Mathieu Morand: Insights from World Cancer Series on Healthcare Innovation and Access Misalignment
Private investment incentives in the healthcare sector are fundamentally misaligned with the requirements of public health systems, according to Mathieu Morand, Director of the C/Can Accelerator Hub at the City Cancer Challenge. During the World Cancer Series, industry participants acknowledged that current venture capital metrics prioritize premium markets and affluent populations over addressing systemic access gaps.
The venture capital and private equity industry in healthcare typically operates on an eight-year return on investment (ROI) cycle, which critics argue is insufficient to prioritize long-term public health access goals.
Why Current Investment Models Fail Health Systems
The primary disconnect between private capital and public health lies in the focus on profitability within short timeframes. According to Morand, who previously worked in venture capital, investment deals are often financially sound but fail to address the actual needs of health systems. Because the industry relies on returns from premium markets, innovation in medical technology remains largely accessible only to those who can afford it.
The misalignment described suggests a structural barrier where the speed of innovation outpaces the ability of public systems to adopt it. If financial models do not evolve to value equitable distribution, the gap between cutting-edge medical availability and patient access is likely to widen.
What May Happen Next
The future of sustainable access to medical innovation remains uncertain, as stakeholders consider who should take responsibility for bridging the gap. Potential shifts could involve regulators, entrepreneurs, or international agencies taking a more active role in directing investment. It is possible that future strategies will attempt to embed access requirements directly into the development phase of new technologies to ensure they reach broader populations.

Frequently Asked Questions
What is the main critique of current healthcare venture capital?

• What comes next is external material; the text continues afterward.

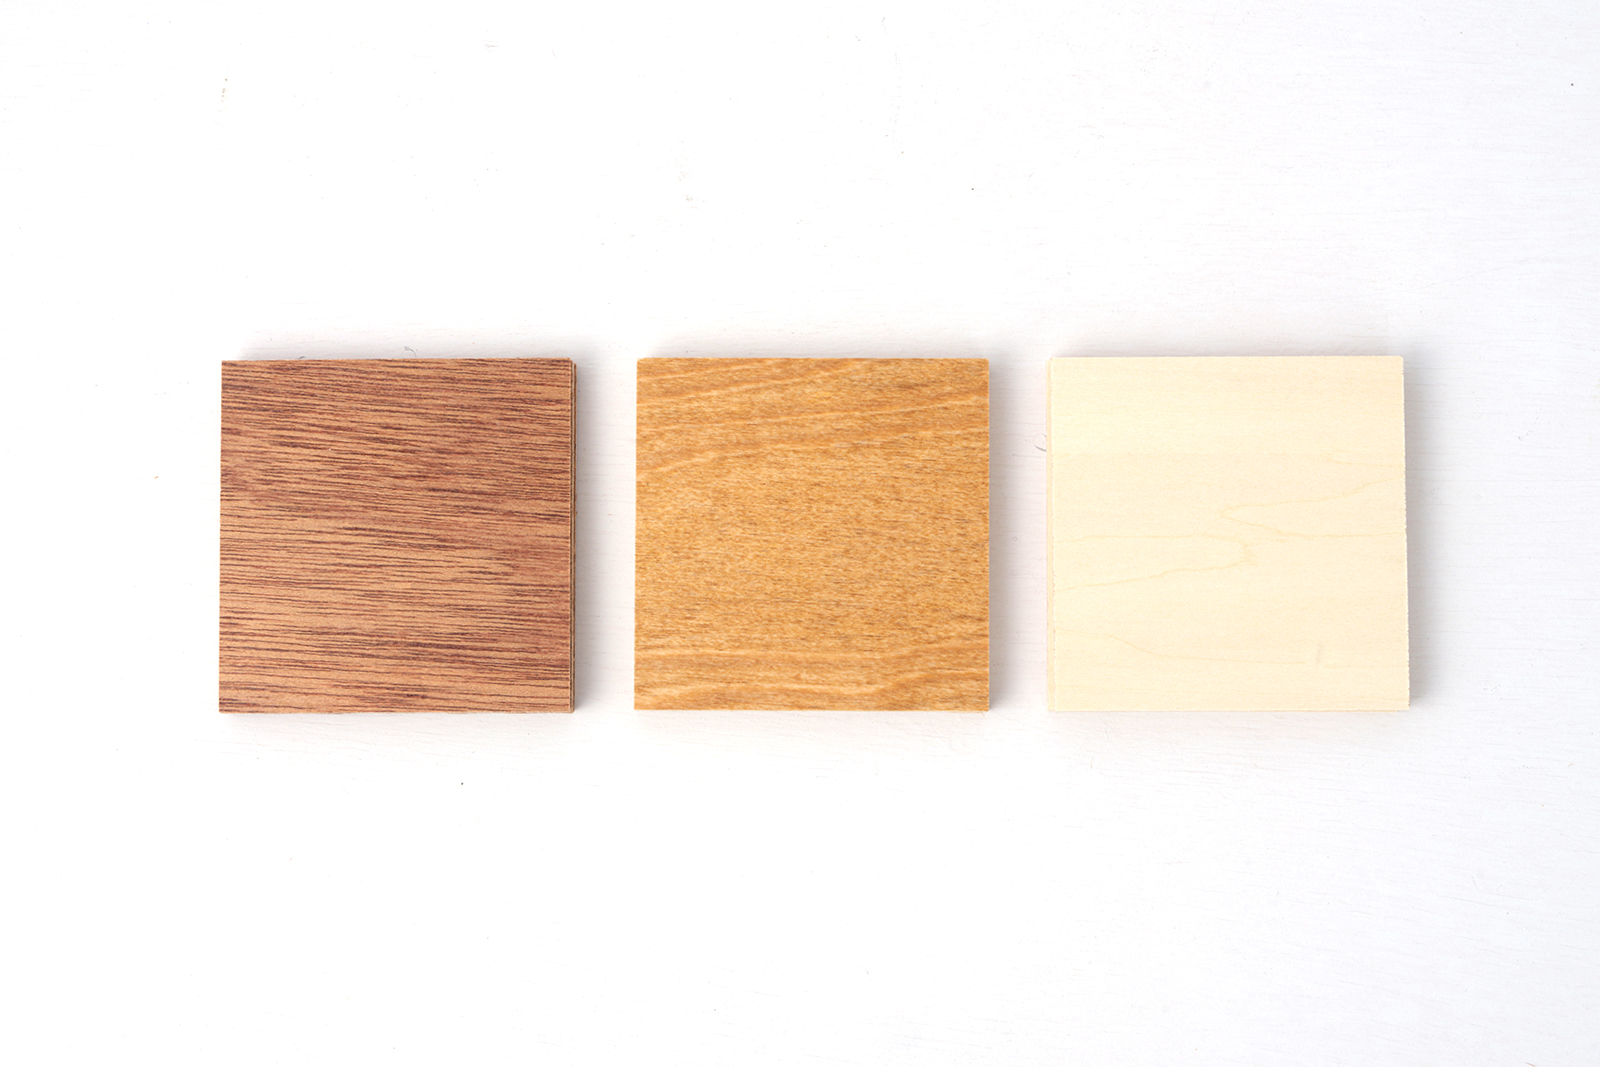 木製ミニマルキッチン ラワン W1500×D600 KB-KC016-15-G183 仕上げは3種類あります。左からラワン・バーチ・シナ。各商品ページをご確認ください

The primary critique is that investment incentives are misaligned with public health needs, focusing on premium markets and affluent populations rather than solving access gaps.
Why is the current ROI model problematic for healthcare?
The venture capital industry generally requires a return on investment within eight years, which does not provide enough time to focus on sustainable or equitable access to medical innovation.
Who might be responsible for improving access to innovation?
Questions remain regarding whether the responsibility lies with regulators, entrepreneurs, international agencies, or the entities that buy out innovative businesses.
How can private investment structures be reconfigured to prioritize long-term public health outcomes over short-term financial returns?